Acórdão do Tribunal da Relação de Lisboa
Processo:
0039846
Nº Convencional: JTRL00001462
Relator: MARTINS RAMIRES
Descritores: REFORMA AGRÁRIA
Nº do Documento: RP199210010039846
Data do Acordão: 10/01/1992
Votação: UNANIMIDADE
Referência de Publicação: BMJ N420 ANO1992 PAG640 IN CJ ANOXVII 1992 T4 PA
Tribunal Recurso: G172
Texto Integral: N
Privacidade: 1
Meio Processual: APELAÇÃO.
Decisão: CONFIRMADA A DECISÃO.
Área Temática: DIR CIV - DIR CONTRAT.
DIR ECON - DIR AGR.
Legislação Nacional: CONST89 ART96 A ART97 N1.
CCIV66 ART268 ART269.
DL 428/72 DE 1972/10/03 ART29.
DL 406-A/75 DE 1975/07/29 ART9.
DL 407-B/75 DE 1975/07/30.
DL 521/76 DE 1976/07/05.
L 77/77 DE 1977/09/29.
DL 221/77 DE 1977/05/28 ART6 N1 F ART28.
DL 111/78 DE 1978/05/27.
DL 119/79 DE 1979/05/05.
RAR DE 1979/07/03 IN DR IS N164 1979/07/18.

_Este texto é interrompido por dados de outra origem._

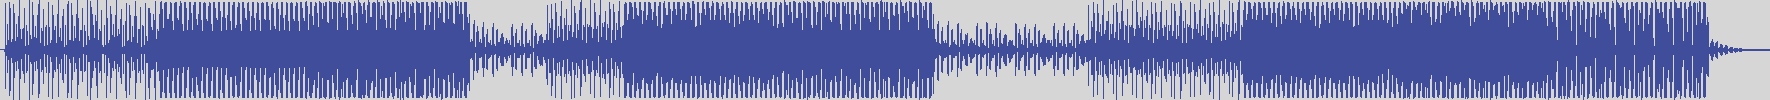 nf_boyz_records [NFY067] Koompa - Skaleta [Original Mix] audio wave form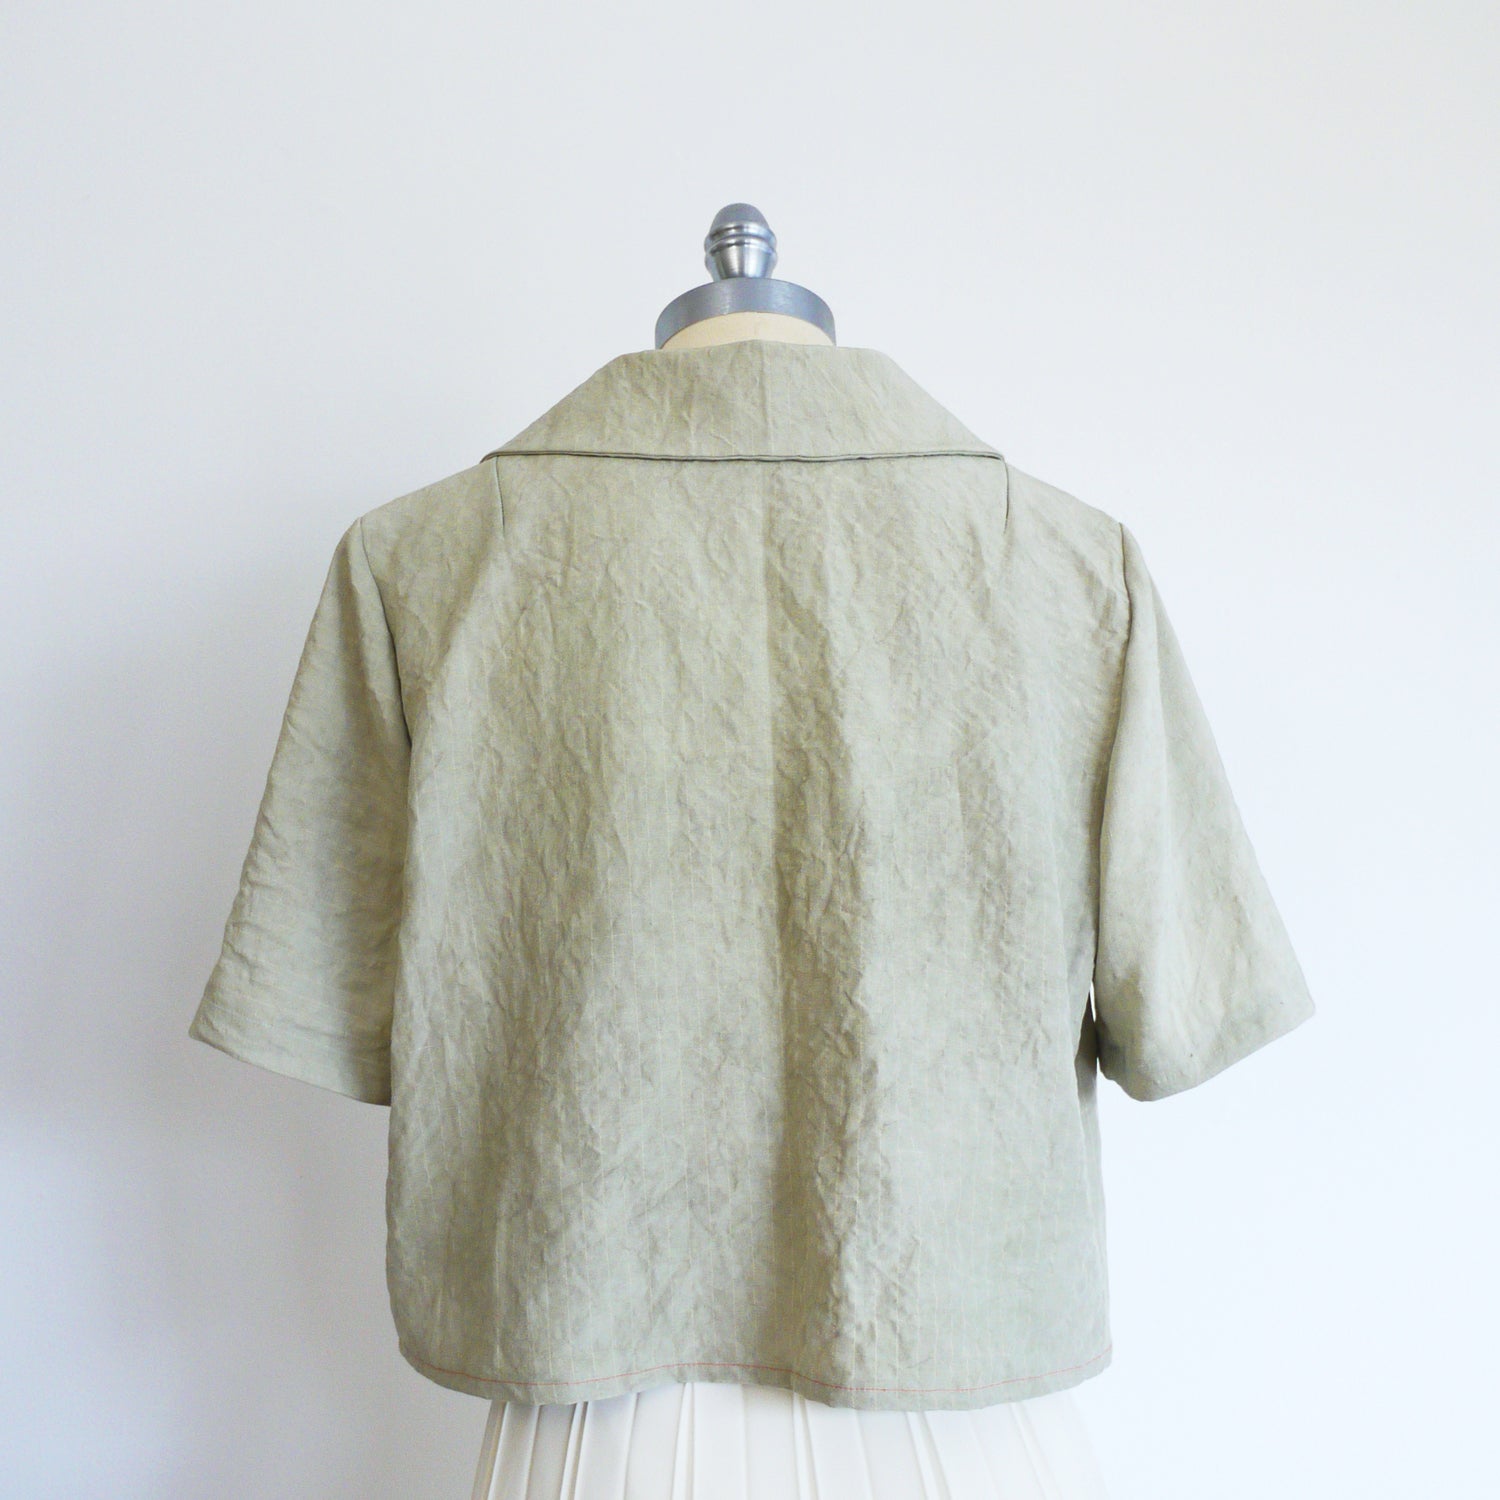 Celadon. Mugwort plant dye silk blouse in gray sage color.  Peter Pan collar cropped blouse

DL 374-L/79 DE 1979/09/10 ART1.
DL 98/80 DE 1980/05/05 ART5 N1 B C.
DL 189-C/81 DE 1981/07/03 ART5 N2 A B.
DL 260/77 DE 1977/06/21 ART2 N2 C ART9 N1 N2 ART10 N1 D ART15 N3 ART18.
Sumário: I - O Decreto-lei 260/77, de 21 de Junho, cometeu ao Instituto dos Produtos Florestais o controlo das operações de comercialização e transporte da cortiça proveniente dos prédios expropriados e nacionalizados.
II - O Estado é o titular do preço da cortiça vendida por uma Unidade Colectiva de Produção, segundo o regime estabelecido por aquele Decreto-lei.
III - Nos termos dos n. 1 e 2 do artigo 9 deste Decreto-lei o comprador da cortiça fica obrigado ao depósito da totalidade do preço na Caixa Geral de Depósitos, não o liberando a entrega de dinheiro à Unidade Colectiva de Produção.